Most decimal literals you write cannot be represented exactly in that format, so
arithmetic happens on nearby approximations and rounding error accumulates. This
explainer walks through the bit layout, special values, precision limits, and the
engineering habits that keep money, science, and blockchains from silently
drifting.
Scientific notation in binary
Humans write large and small numbers in scientific notation:
6.022 × 10²³. IEEE 754 does the same in base 2:
1.10011… × 2exponent.

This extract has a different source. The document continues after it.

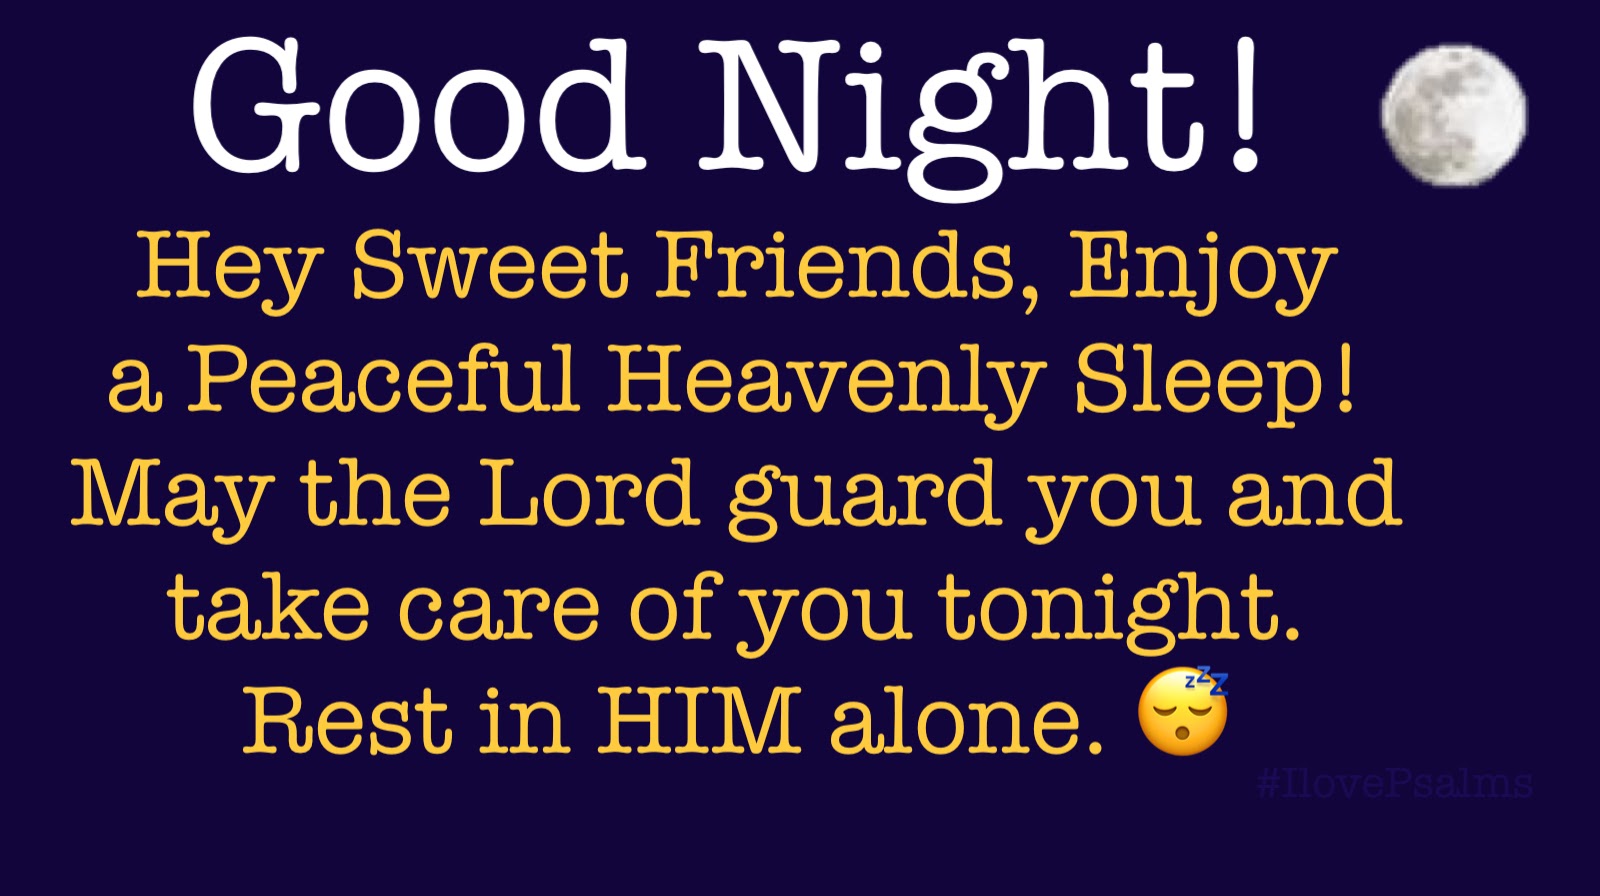 Hey Sweet Friends Enjoy a Peaceful Heavenly Sleep! Good Night!

A normalized
binary64 value packs three fields into 64 bits:
- Sign (1 bit) — zero for positive, one for negative.
Surprisingly,
+0.0and-0.0are distinct bit patterns but compare equal in most languages. - Exponent (11 bits) — stored with a bias of 1023 so unsigned comparison works. The true exponent ranges from about −1022 to +1023 for normal numbers.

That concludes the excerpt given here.